Assigned task: Make an exact copy of the whole listing, but leave its pictures out.

━━━━━ Record extracts

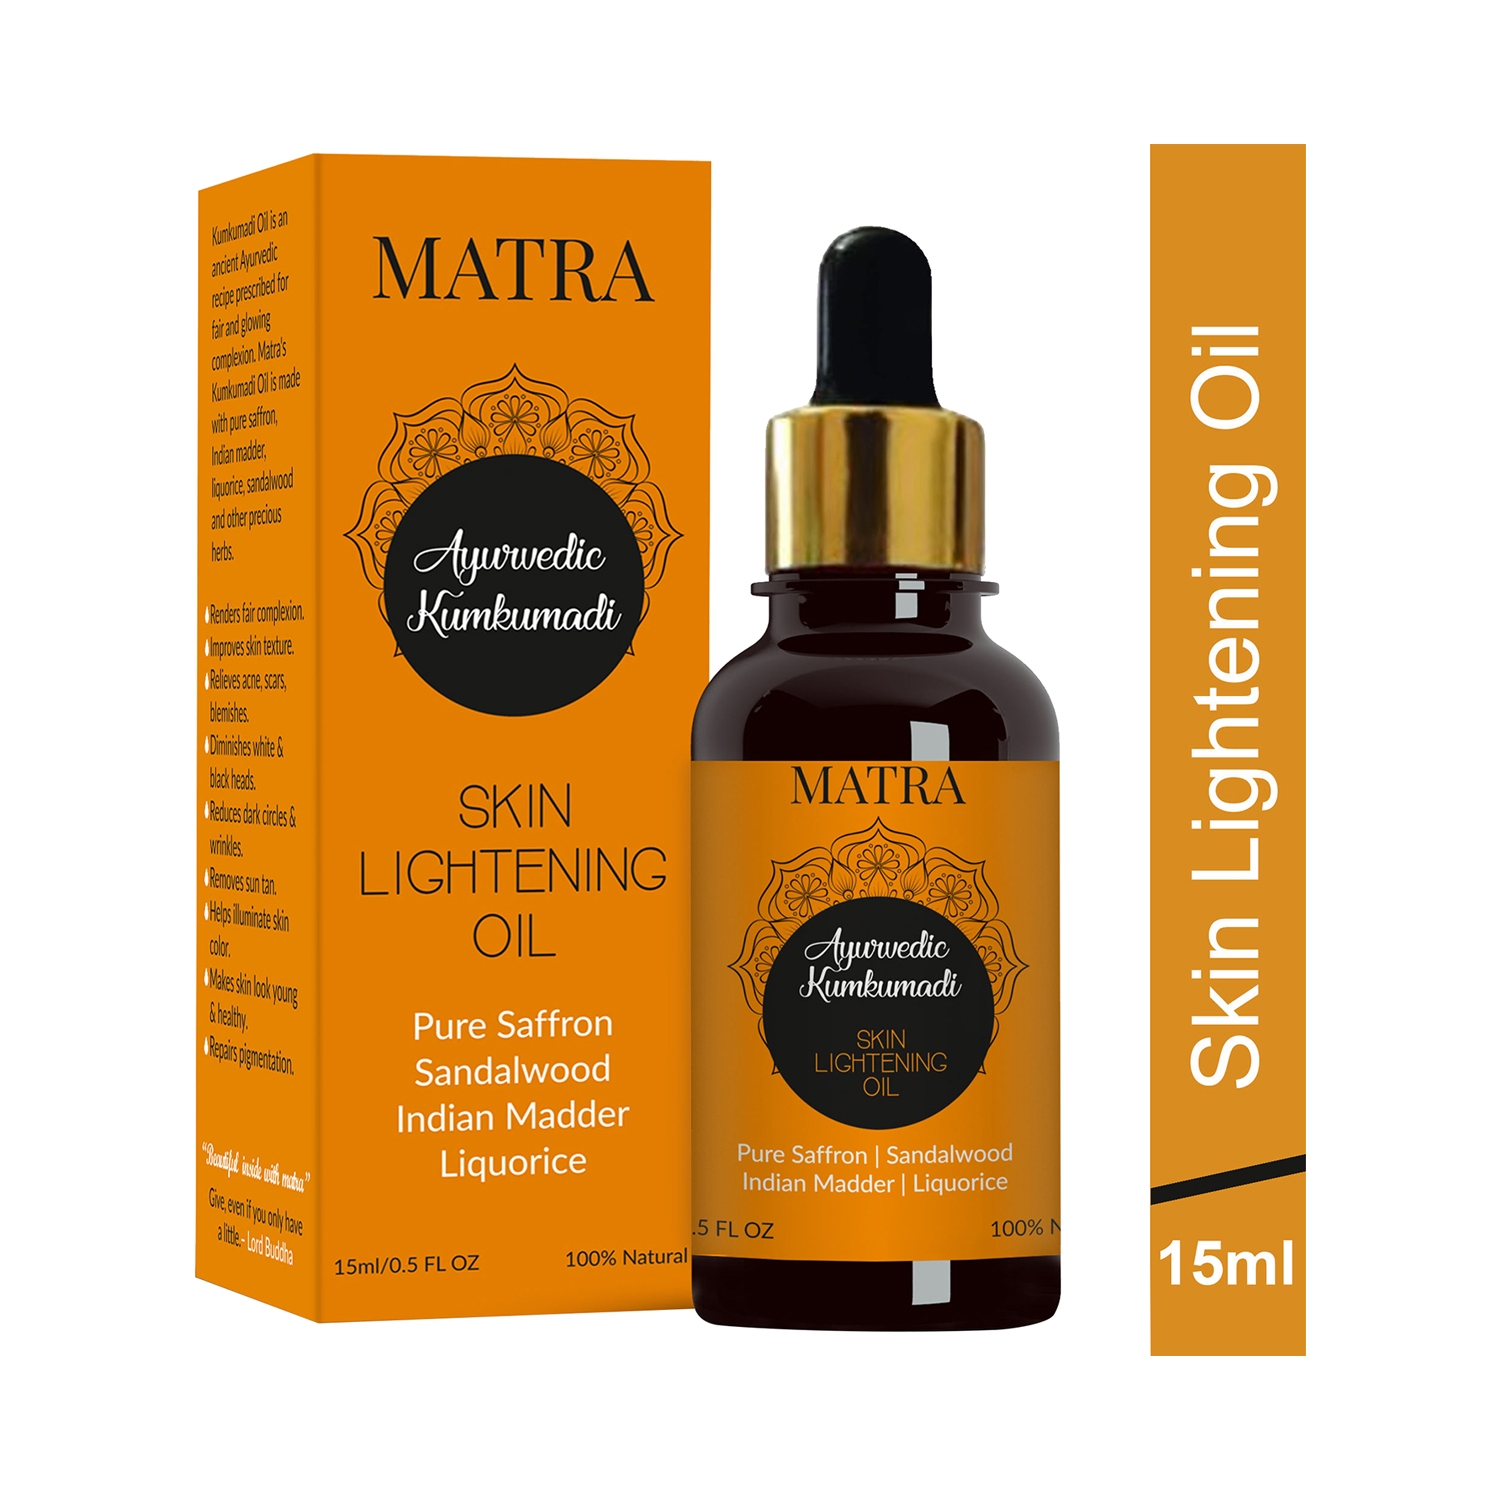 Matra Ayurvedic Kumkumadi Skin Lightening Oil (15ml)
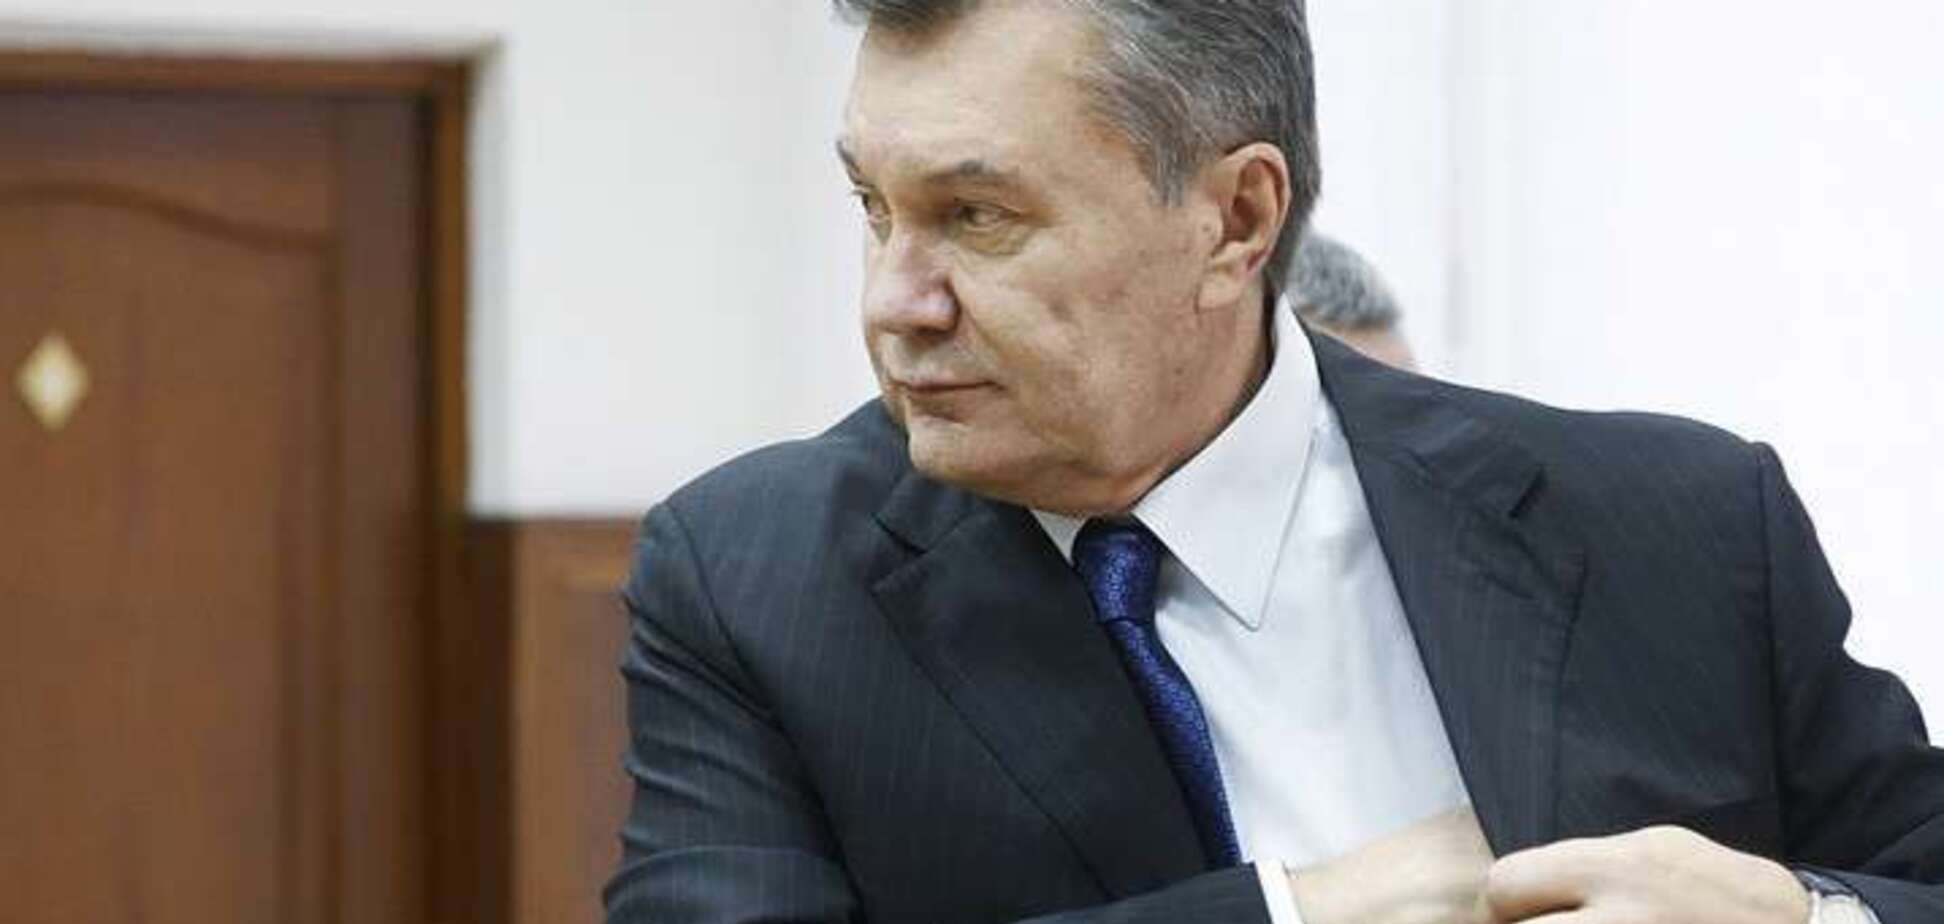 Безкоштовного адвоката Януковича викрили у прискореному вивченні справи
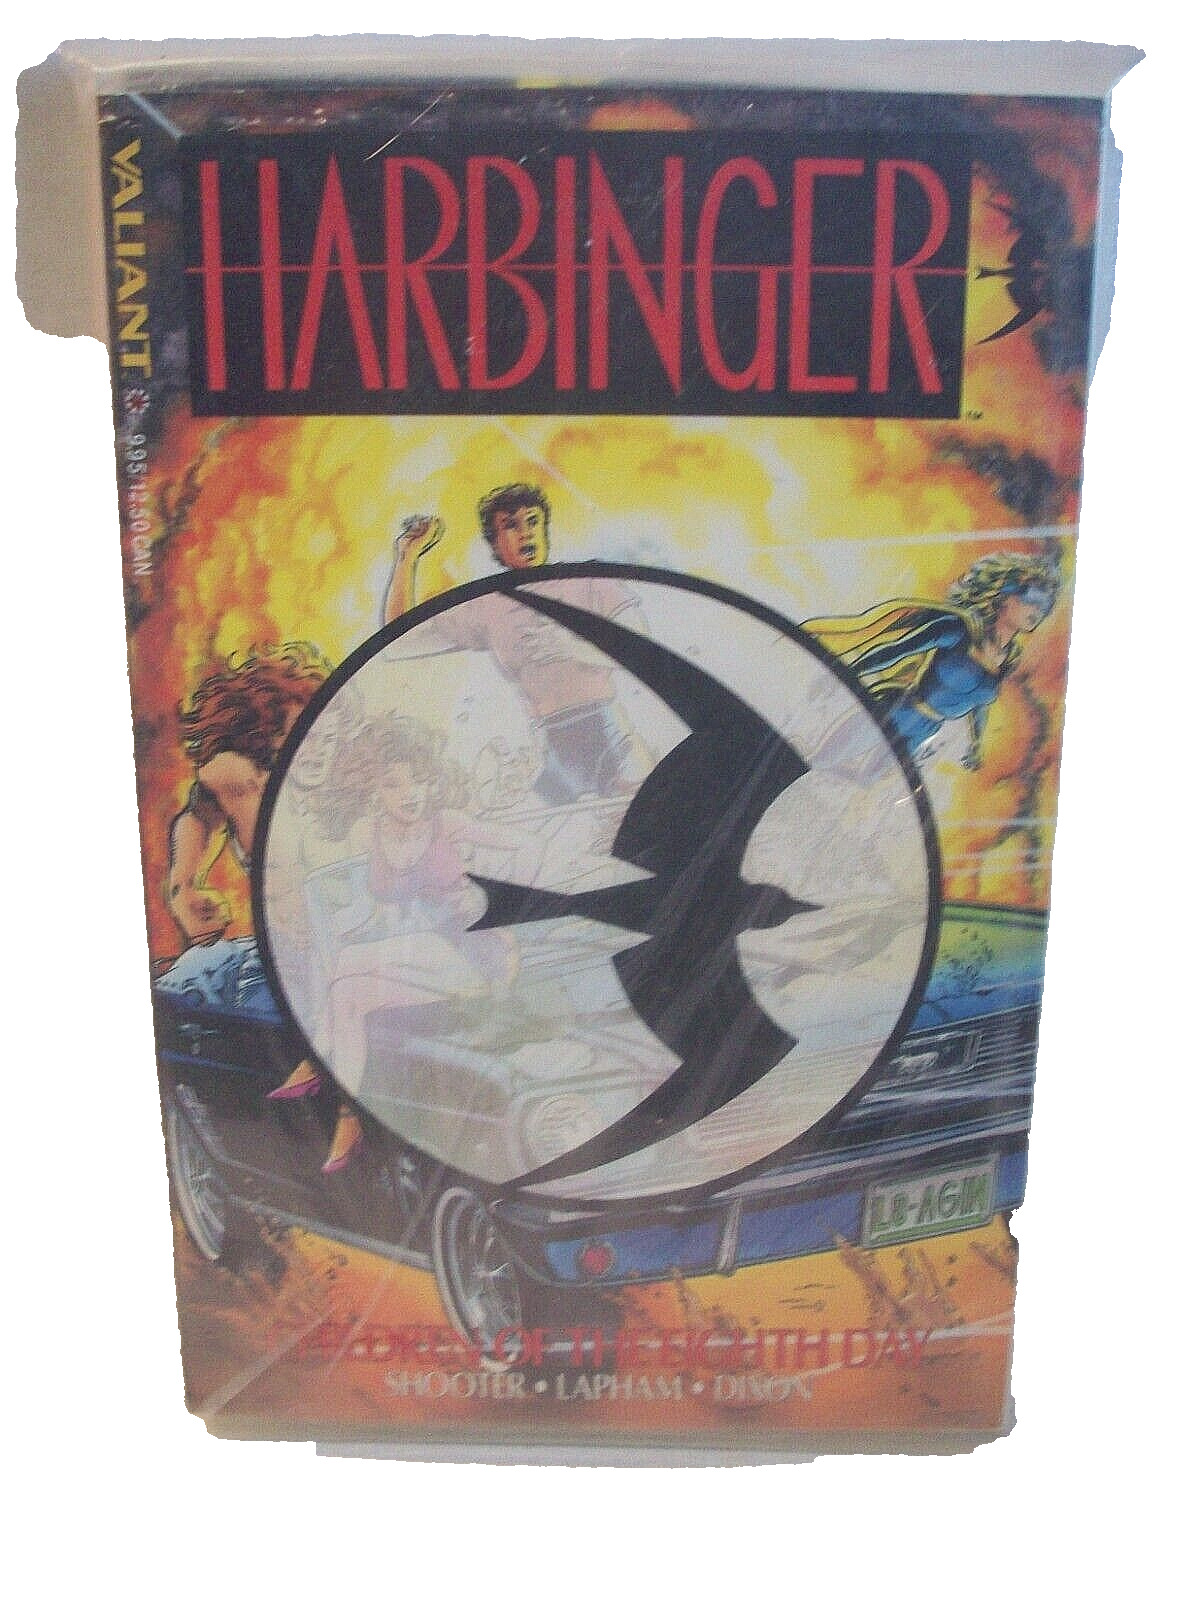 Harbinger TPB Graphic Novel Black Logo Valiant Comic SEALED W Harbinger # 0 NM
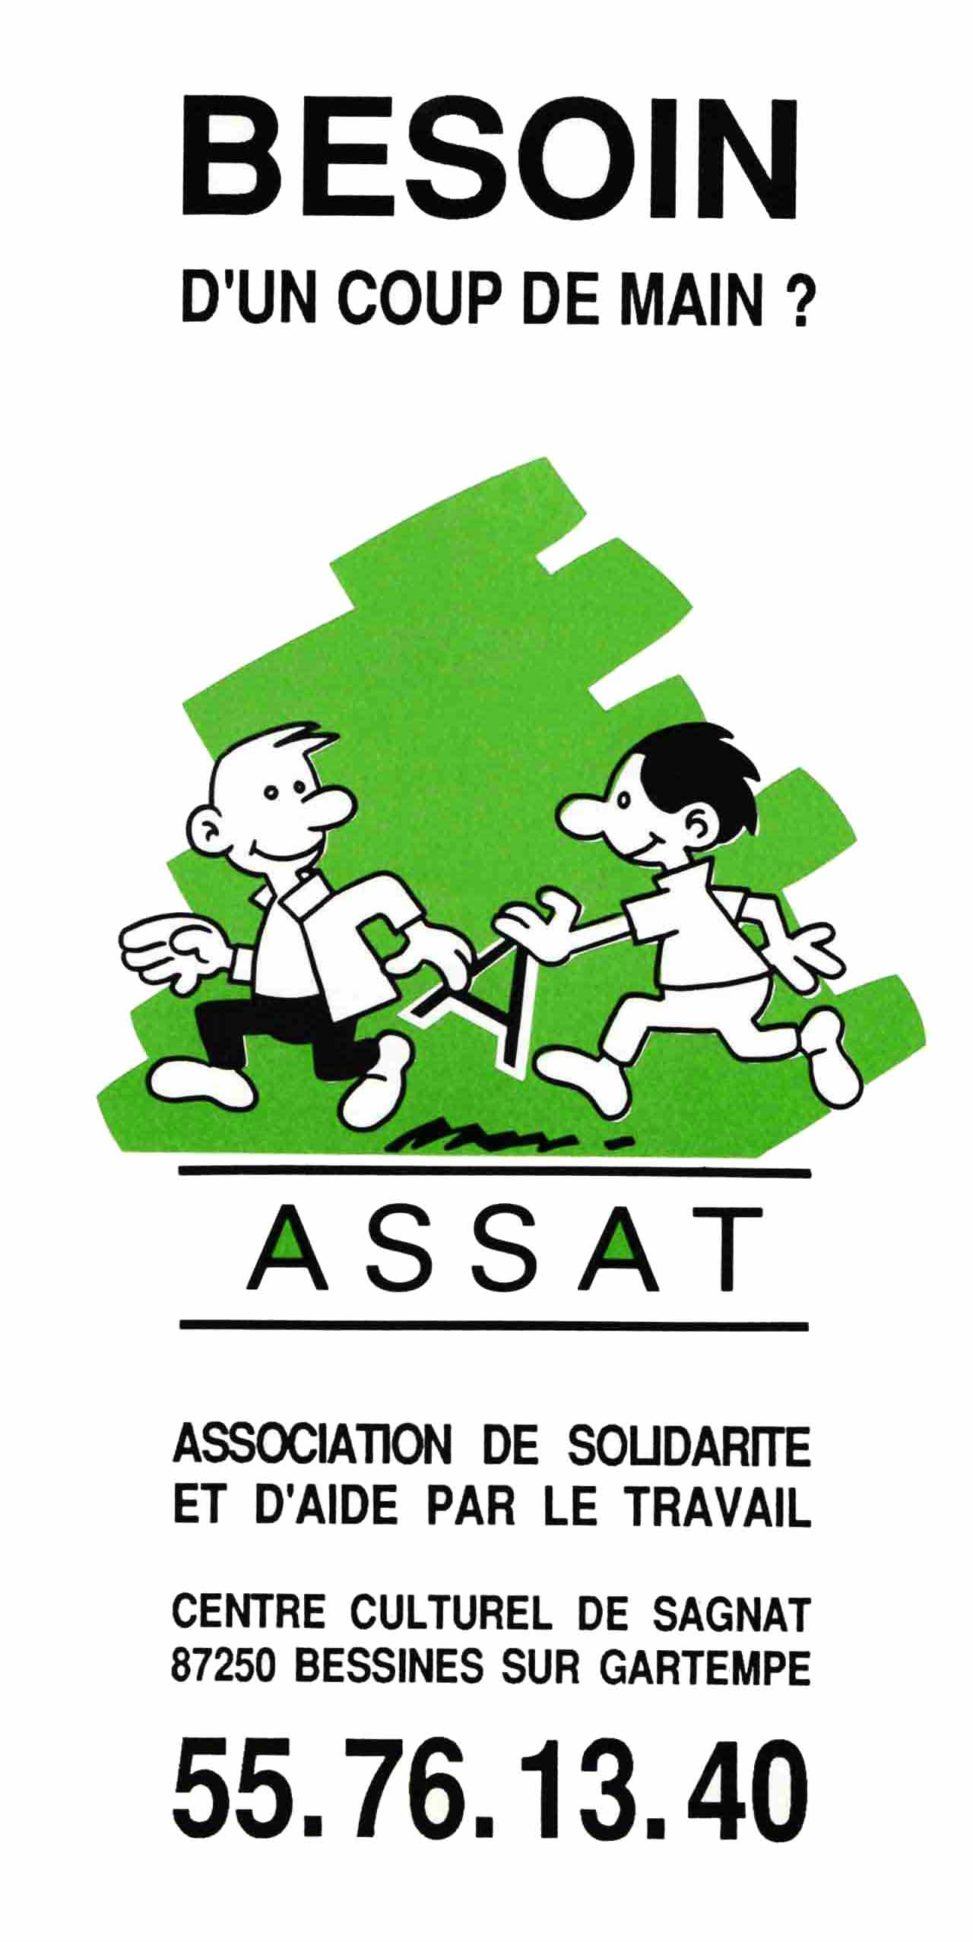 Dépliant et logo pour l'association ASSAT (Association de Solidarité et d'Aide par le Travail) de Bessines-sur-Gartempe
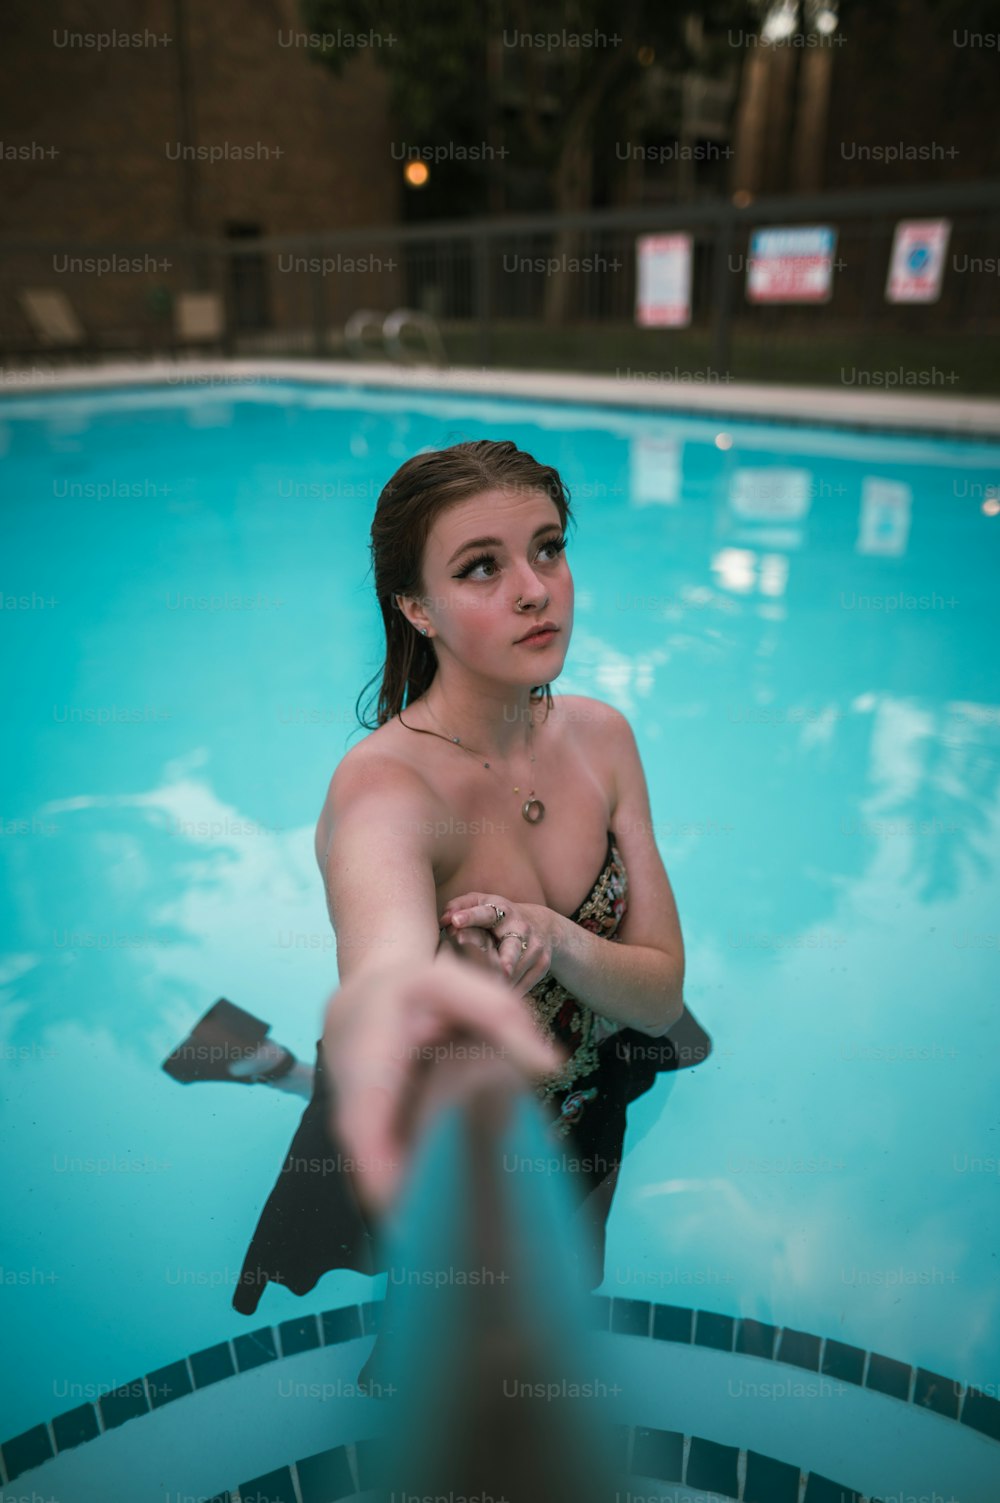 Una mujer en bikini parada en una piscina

━━━━━━━━━━

Task result:
 Matra Ayurvedic Kumkumadi Skin Lightening Oil (15ml)
 Безкоштовного адвоката Януковича викрили у прискореному вивченні справи
 Harbinger TPB Graphic Novel Black Logo Valiant Comic SEALED W Harbinger # 0 NM
 Dépliant et logo pour l'association ASSAT (Association de Solidarité et d'Aide par le Travail) de Bessines-sur-Gartempe
 Una mujer en bikini parada en una piscina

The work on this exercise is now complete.